Dr Merja Joensuu, ARC DECRA Research Fellow, Queensland Brain Institute, The University of Queensland

Co-authors
Dr Vanessa Lanoue, Queensland Brain Institute, The University of Queensland
Dr Alisa Blum, Queensland Brain Institute, The University of Queensland
Dr Stefan Mahrhold, Institut für Toxikologie, Medizinische Hochschule Hannover, Hannover, Germany
Miss Nadja Krez, Institut für Toxikologie, Medizinische Hochschule Hannover, Hannover, Germany
A/Prof Giuseppe Ballistreri, University of Helsinki
Dr Andreas Rummel, Institut für Toxikologie, Medizinische Hochschule Hannover, Hannover, Germany
Prof Frederic Meunier, Queensland Brain Institute, The University of Queensland

Neuronal communication is encoded by neurotransmitters stored in synaptic vesicles (SVs) that undergo Ca2+-dependent fusion with the presynaptic plasma membrane (PM) upon stimulation, after which the SVs are rapidly reformed through endocytosis. Neurotoxins, such as Botulinum Neurotoxin Type-A (BoNT/A), the most potent toxin known, hijacks this endocytic pathway to be internalized into nerve terminals as part of their intoxication strategy to incapacitate neuronal communication. According to the long-standing dual-receptor hypothesis, BoNT/A first binds to a specific ganglioside (such as GT1b) on the plasma membrane, and then subsequently to an intraluminal epitope of plasma membrane-stranded synaptic vesicle protein 2 (SV2), thereby launching receptor-mediated endocytosis. Following translocation from SVs into the cytoplasm, the toxin’s light chain proteolytic activity then cleaves SNAP-25, a SNARE protein responsible for mediating fusion of SVs with the plasma membrane, leading to neurotransmission block and flaccid paralysis. I will discuss our recent discoveries that challenge the current receptor hypothesis, and introduce a novel hypothesis based on a coincidental engagement of the toxin to both ganglioside and SV2 within nanoclusters that controls the endocytic uptake and sorting of the BoNT/A in primary hippocampal neurons. Using super-resolution and confocal imaging, and electron microscopy, we studied the nanoscale dynamics and mechanisms by which BoNT/A is selectively targetted into SVs. Genetic inactivation of the BoNT/A’s GT1b and SV2 binding sites perturbed PM binding and clustering of the toxins, and the subsequent entry, sorting and retrograde trafficking, indicating that coincidental engagement of BoNT/A with both of the receptors is required for correct entry of the toxin. Single-molecule imaging uncovers an unprecedented dynamic view of the cascade of nanoscale events underpinning BoNT/A intoxication.
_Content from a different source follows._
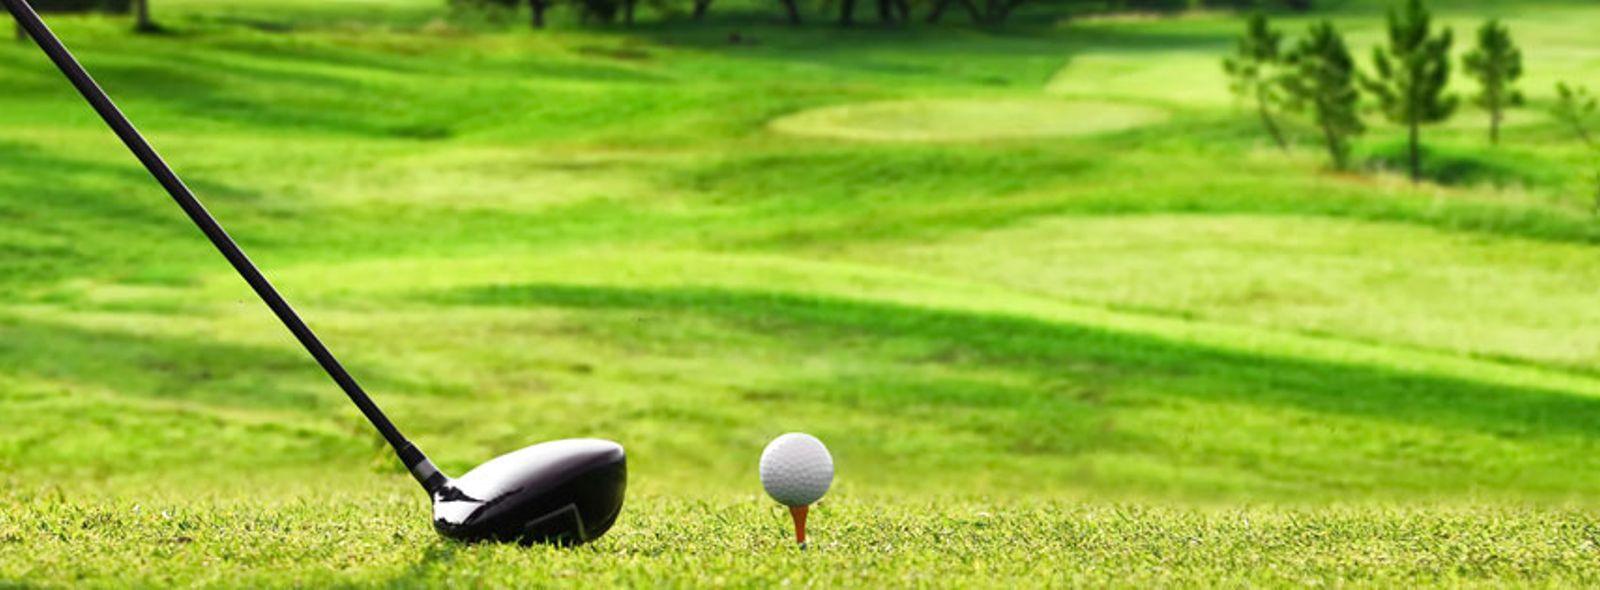 I migliori campi da golf in Italia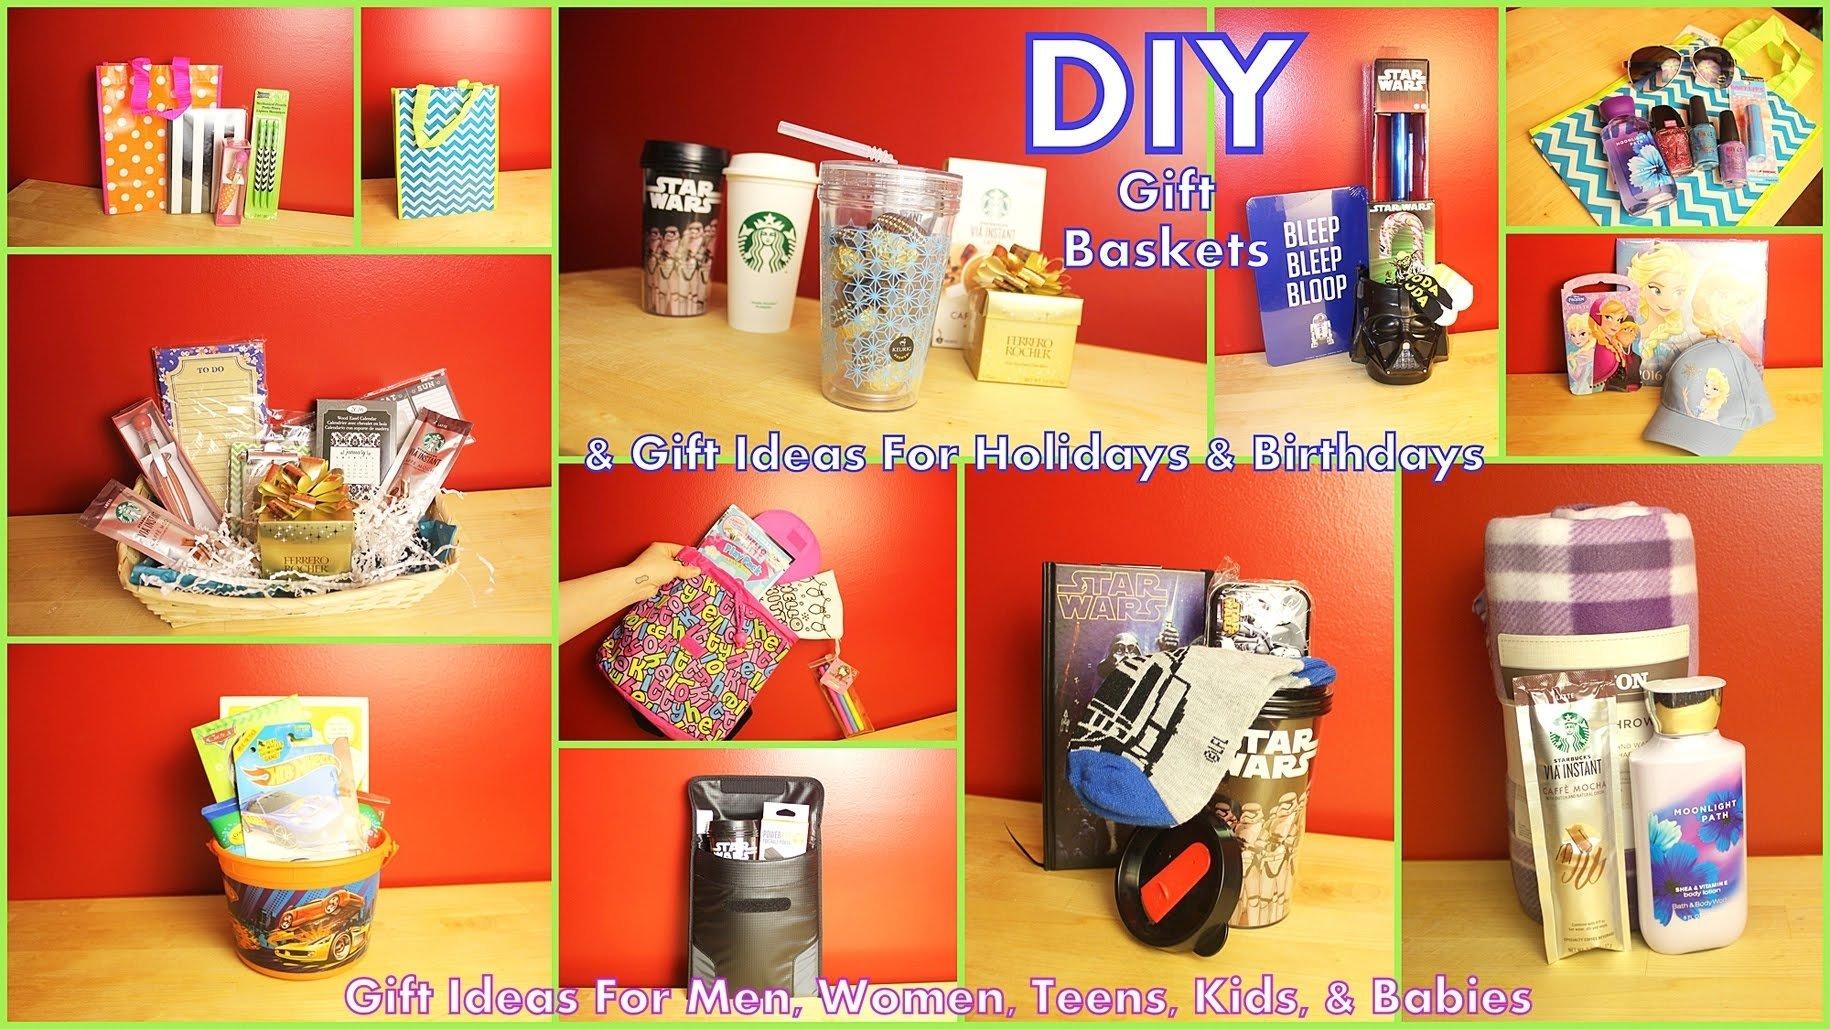 10 Stunning Birthday Gift Basket Ideas For Her diy gift baskets gift ideas how to assemble for men women kids 9 2020

SRRF ‘n’ TIRF - Simultaneous spatiotemporal super-resolution and multiparametric fluorescence microscopy

Professor Thorsten Wohland, National University of Singapore

The full description of biological systems requires the measurement of structure and dynamics. The quality of data depends on the signal to noise ratio and thus on the photons detected. However, good spatial resolution requires small pixels and thus longer exposure times for high photon counts. And good dynamics resolution requires fast measurements and thus larger pixels to obtain the required signal to noise ratio. Attempts in the past to combine the two, had limitations on instrumentation or labels. Here we combine computational super-resolution with imaging fluorescence correlation spectroscopy to obtain high spatiotemporal resolution with standard instrumentation and fluorescent proteins.